Are those laugh lines, Leo? |
It is this latter Ranke whom we might expect to come up with a nitpicky instrument like the footnote:
something that specialists use to show how they are specialists. Grafton’s two
chapters on Ranke introduce us to the young (and then middle-aged, and then
quite old and blind) enthusiast for source work. The fact that his method
depended on critical reading of original sources meant that he had to show his
work: as Grafton puts it, “the historian who had eaten from the tree of
source-criticism could not regain the innocence necessary to write a simple
narrative.”[1] Footnotes for Ranke were not Gibbon’s commentary nor the
ancients’ appeal to authority; they were the method laid bare, a sort of
postmodern architecture in which all the pipes and struts and supports become
an essential part of the design.
Yet this picture, like much modern design, leaves us with an
impression of a sterile coldness that doesn’t match the other crucial component
that usually gets left out in descriptions of Ranke’s work, and that Grafton so
eloquently reproduces in these two chapters: the romance of the archives. Ranke
was in love with archives[1] and libraries, he was drunk on undiluted primary sources. In these
chapters, we meet Ranke as storyteller. The method was the means to an end, but
a perilous one: Footnotes broke the story, took the reader out of the past that
he was trying to recreate. He put in footnotes to point the next generation of
historians towards the sources they
would need.[3] To put it more simply, he
created footnotes not out of love of their scientific nature; rather he used
them probably for the same reason he put on pants: because it was necessary to
the culture he inhabited.
The final part of the second chapter raises another point:
that Ranke was not even the originator of the modern footnote. But I’m going to
save that for tomorrow and append it to my discussion of Grafton’s
“Enlightenment Interlude,” where he follows the footnote’s backtrail. For now,
I just want to rest on this point and invite contemplation of the battles between our own inner scientist and inner storyteller, and to note that even our avatar of scientific history had his misgivings, loved narrative, and maybe even envisioned heaven as an
archive. That he aimed to come to his sources with precision — footnotes being a
part of that precision — does not mean that he did so without excitement and
wonder.
_______________________________
[1] Grafton, 68.
[2] Though he didn’t use them nearly as often as we
think.
[3] Towards, not at: Grafton notes that Ranke was at the receiving end
of some rather vituperative criticism because his citations did not point where
he said they would; he replied that a real enthusiast would not need something handed to them so
precisely; they should love the hunt as much as the kill, so to speak. In other
words: he had no patience with
pedantry — at least not pedantry directed at him.
8 comments:
I loved Ranke's joy in the archival experience - add to that the smell of the old papers and even glue, the rustle of the pages fluttering the silence of the other scholars, the mysteries of the systems. How delightful it would be to spend time simply doing the scholarly research and thinking of historical research. And even then, he only looked at the elites (as Grafton and others note). To look at the practice of modern historians and their required broadening of scope, far beyond the issues of power and state. While travel to distant archives might be faster, it is no less expensive or challenging. As the field changes, the mechanisms of study change.

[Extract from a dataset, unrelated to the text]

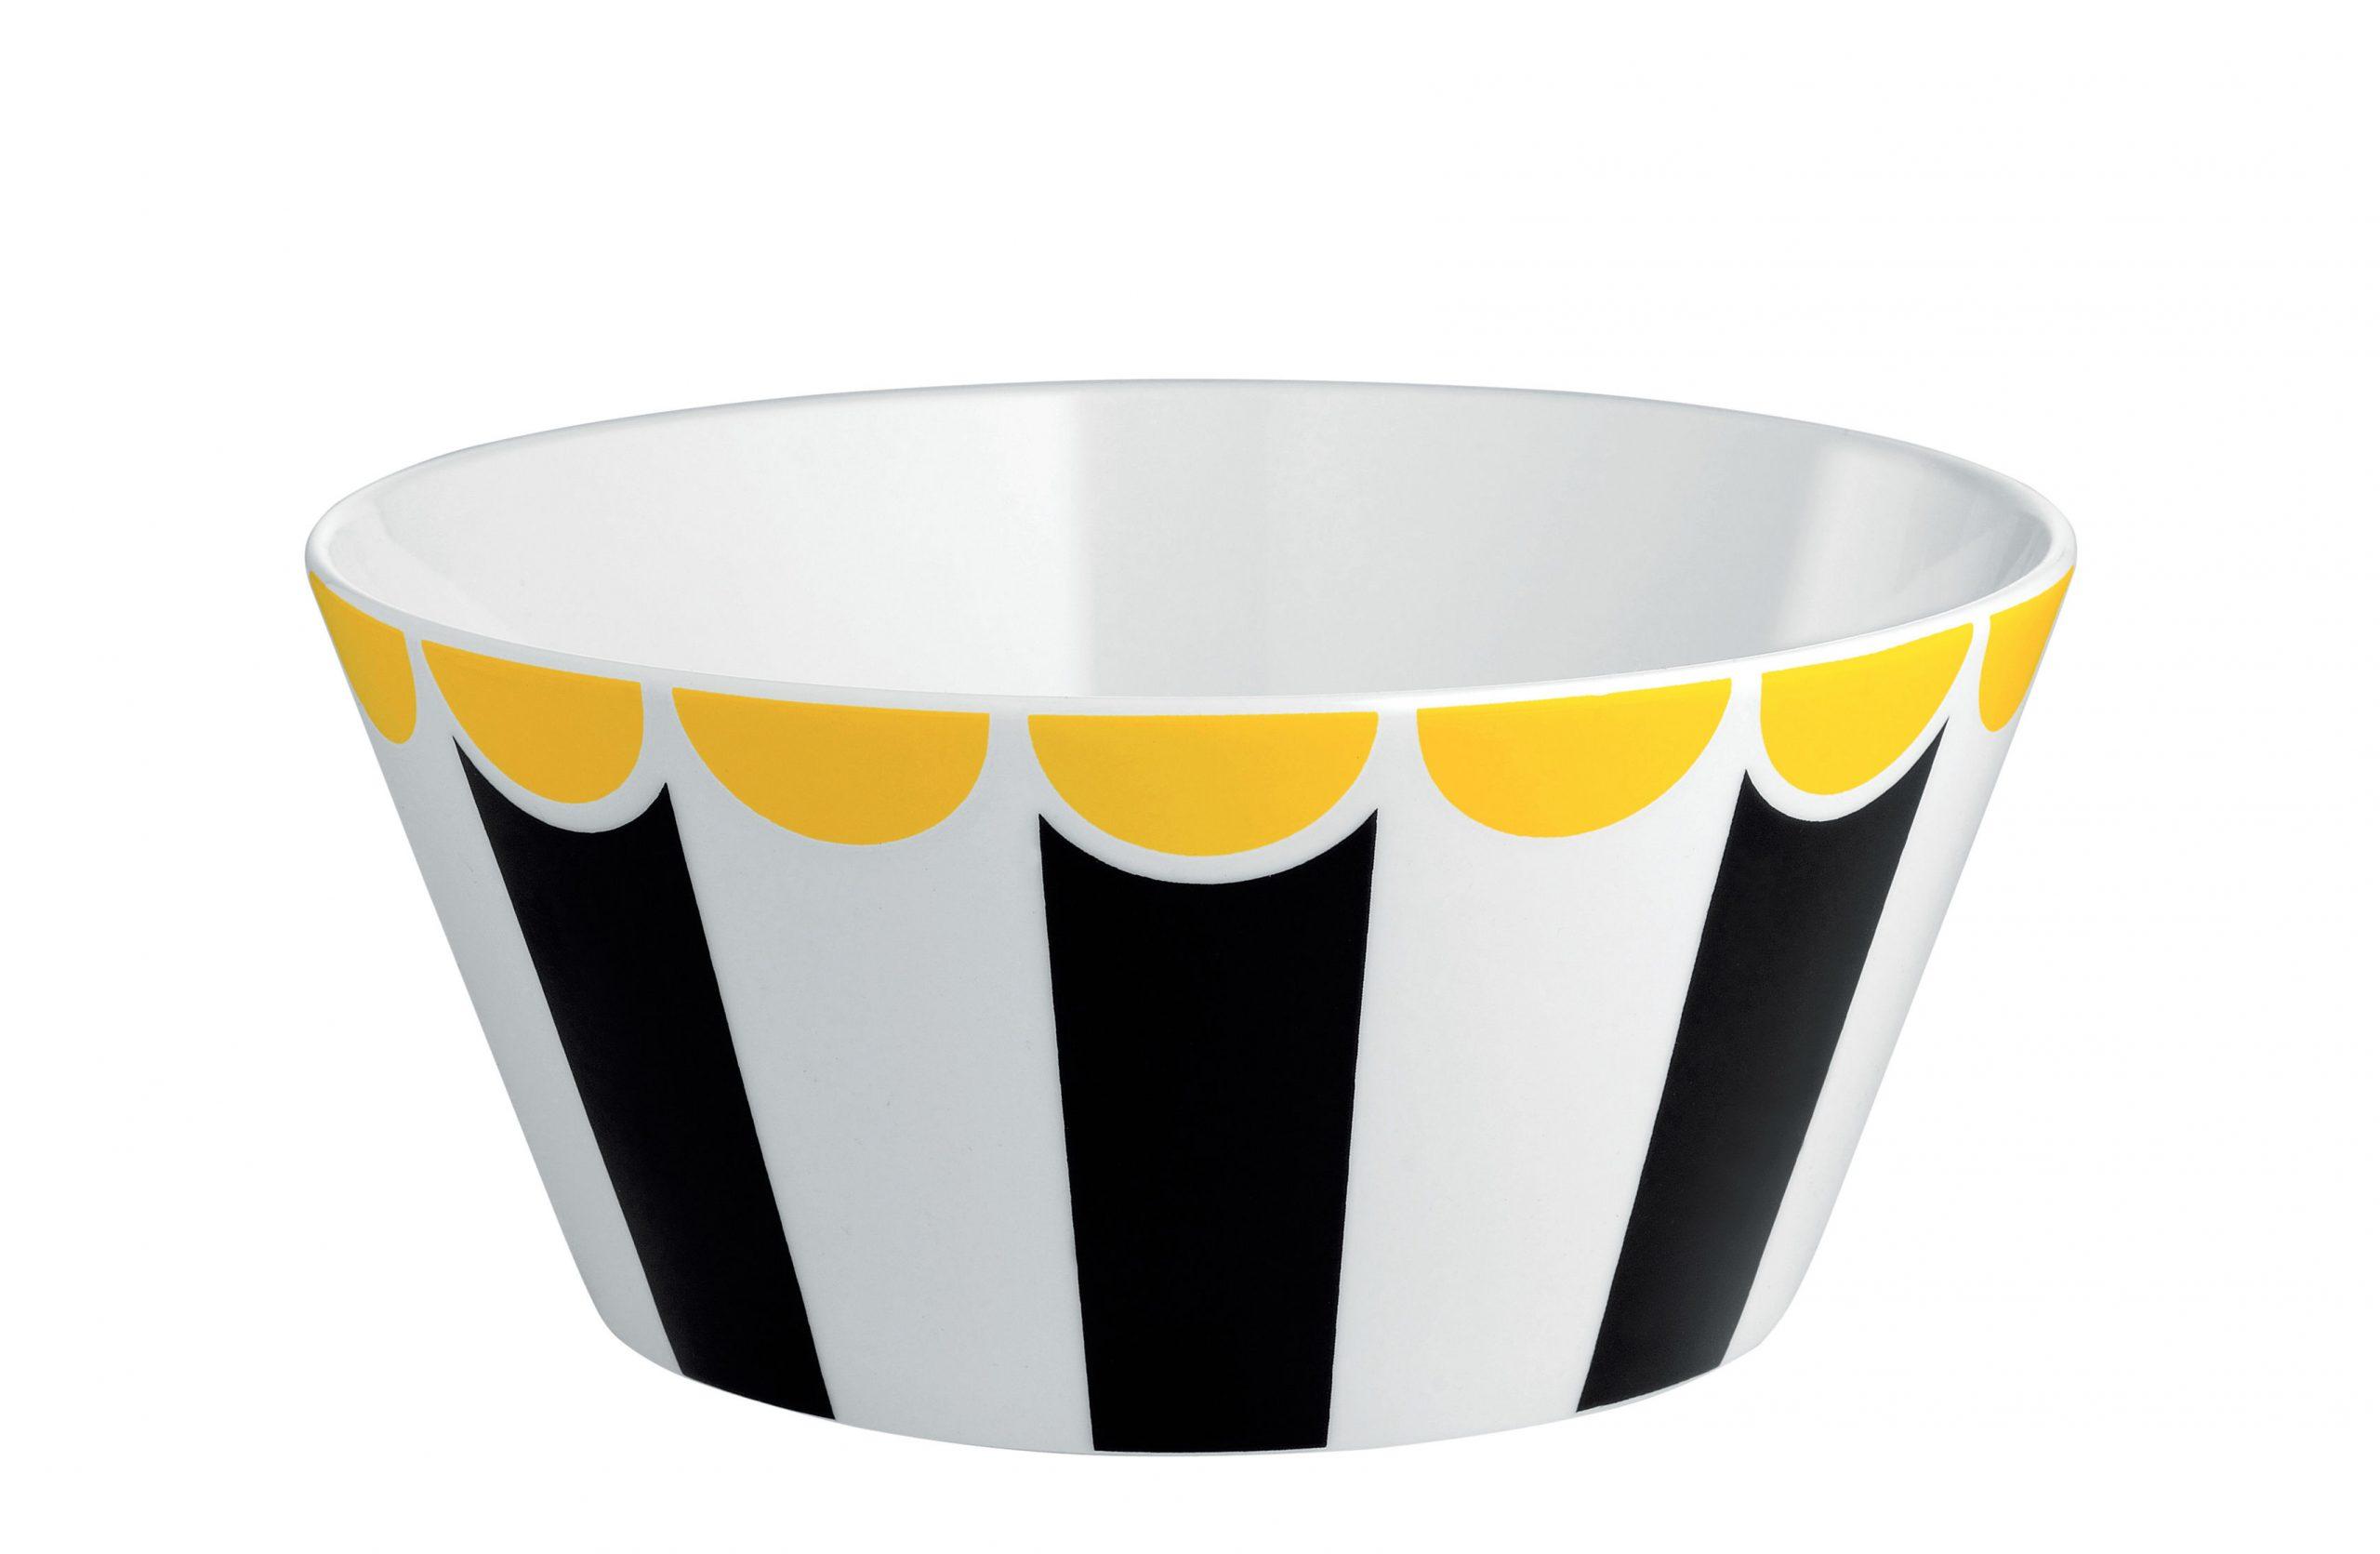 サーカスボウル-Ø16 x H 7 cmホワイト|イエロー|ブラックALESSIマルセルワンダース1

"What we need is a [scholar] equipped with reasonable knowledge, lavish letters of recommendation and good health," generous travel funds and available time to learn the languages of the entire region, to study the cultures, literatures, mores and peoples of the entire region AND its trade practices...
Even then, we'd be expected to both support and undermine our own theses. Being modern isn't easy, is it?
I thought ch. 3 was particularly juicy -- I mean, Grafton essentially turned source criticism back onto Ranke and picked apart his own self-presentation as the master of archives, sources, narrative, and, indeed, historical knowledge itself. And I think Grafton thought we readers would think that the answer would be "of course, Ranke invented modern footnotes!" so it was a narrative delight to find that position critiqued in such a manner.
One of the things I liked about these chapters was that -- to me, at least -- Grafton is saying that we have been both *blaming* Ranke for the wrong things and *praising* him for the wrong things. The other bit that I am coming to appreciate (which you'll see as you go on) is how he's written the whole thing in reverse chronological order, peeling back one layer at a time: "Will we find our origins here? Sure looks like we might... there's a little bit... but nope: looks like we're going to need to dig a little deeper." And back another century we go.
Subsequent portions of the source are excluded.